TEMA 2 – PSICOLOGIA, PSICANÁLISE E A CONCEPÇÃO INOVADORA DO SUJEITO DO


INCONSCIENTE Adentramos neste momento no terreno que realmente nos interessa: a
psicanálise. Paralelamente às tentativas de sistematização de um conhecimento acerca do
psiquismo humano por Wundt e James, surgem os trabalhos de Freud e a consequente
formalização da psicanálise. Sigmund Freud mudou o rosto da psicologia de maneira dramática,
ao propor uma teoria da personalidade e uma concepção de homem com ênfase a um outro
aspecto do psiquismo humano que não a consciência, como era a feito até então. Esse novo
aspecto da subjetividade a ser considerado era o inconsciente. De acordo com Freud, como
vimos anteriormente, o sofrimento o humano e os distúrbios psicológicos são resultado de
conflitos de ordem inconsciente. Em seu trabalho clínico com pacientes que sofriam de histeria
e outras doenças de ordem psicológica, Freud 6 sistematizou que as experiências da primeira
infância e os impulsos e conteúdos provenientes desse inconsciente contribuem para o
desenvolvimento da personalidade e do comportamento dos adultos. Neto (2019) aponta que
a psicanálise surge da necessidade de Freud de desenvolver uma compreensibilidade causal
dos fenômenos psíquicos, extrapolando a esfera da consciência, trabalhada até então. Foi da
noção de que o sofrimento histérico não se explicava e nem se tratava em um plano da
consciência que surge essa nova concepção. Para explicar os fenômenos com os quais estava
lidando (experiência empírica e clínica, importante frisar), foi necessário apelar para essa outra
ordem de causas, que não aparece na superfície da consciência: a ordem do inconsciente. Com
isso, surge a concepção de homem da psicanálise, a do sujeito do inconsciente. Essa outra
ordem é designada como inconsciente, e suas relações causais invisíveis em jogo são
tematizadas pela metapsicologia proposta por Freud. A metapsicologia seria, assim, um
conjunto de elaborações de nível teórico que possibilita formalizar a vida psíquica para além
dos fenômenos superficiais da consciência. A partir da metapsicologia, compreendemos a
dinâmica e a topologia psíquicas. Desse modo, é por meio dela que se sustenta a concepção de
homem do sujeito do inconsciente.
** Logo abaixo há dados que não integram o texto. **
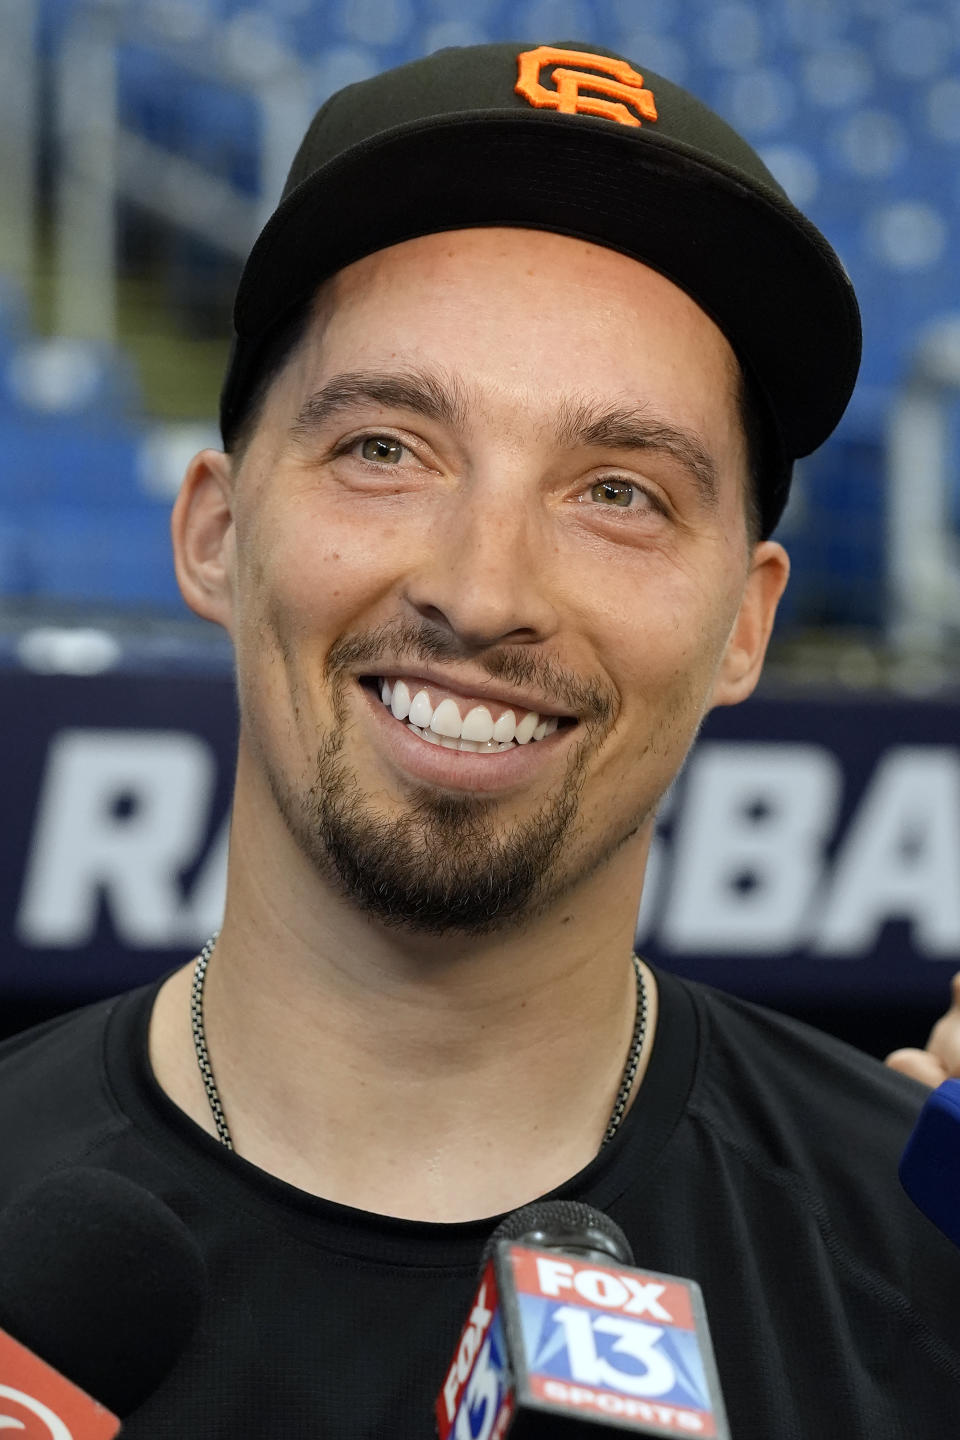 San Francisco Giants pitcher Blake Snell speaks to the media before a baseball game against the Tampa Bay Rays, Friday, April 12, 2024, in St. Petersburg, Fla. Snell, a former pitcher for the Rays, is making his first trip to Tropicana Field since leaving the team. (AP Photo/Chris O'Meara)

Neto (2019, p. 24) ainda nos situa que “a metapsicologia
seria um esforço especulativo necessário para dar conta de explicar o desenrolar dos dados da
consciência que sem ela seriam episódios alheios uns aos outros, sendo impossível traçar uma
trama que os interligasse”. A teoria proposta e sistematizada por Sigmund Freud, a psicanálise,
impactou profundamente o pensamento do século XX. Suas influências extrapolaram o campo
da saúde mental e da psicologia, como bem sabemos, adentrando outras áreas, como a arte, a
educação e a pedagogia, a literatura, a cultura popular etc. Devido à noção de cientificismo
dominante (que leva em conta os métodos propostos nas ciências exatas e da natureza para a
construção de conhecimento), a psicanálise tem de enfrentar um certo descrédito. Houve na
psicologia um movimento que tentou adequar os métodos utilizados em outras ciências para o
estudo da subjetividade e do comportamento humanos. Grandes alterações na compreensão
da psicologia como ciência durante o início do século XX. Paralelamente à psicanálise, uma
outra escola de pensamento de origem americana (ou seja, com influência do pensamento de
7 James de modo a adequar a psicologia às metodologias tidas como científicas), conhecida
como behaviorismo, ganhou espaço no cenário da psicologia. O behaviorismo faz um grande
esforço para tornar a psicologia uma disciplina que se enquadra na noção de ciência
socialmente dominante, concentrando-se puramente no comportamento observável. Assim,
acabou trazendo uma grande mudança em relação às perspectivas teóricas anteriores (como as
de Wundt e Freud), rejeitando a ênfase tanto na mente consciente quanto no inconsciente,
com foco naquilo que poderia ser observado e “metrificado”: o comportamento.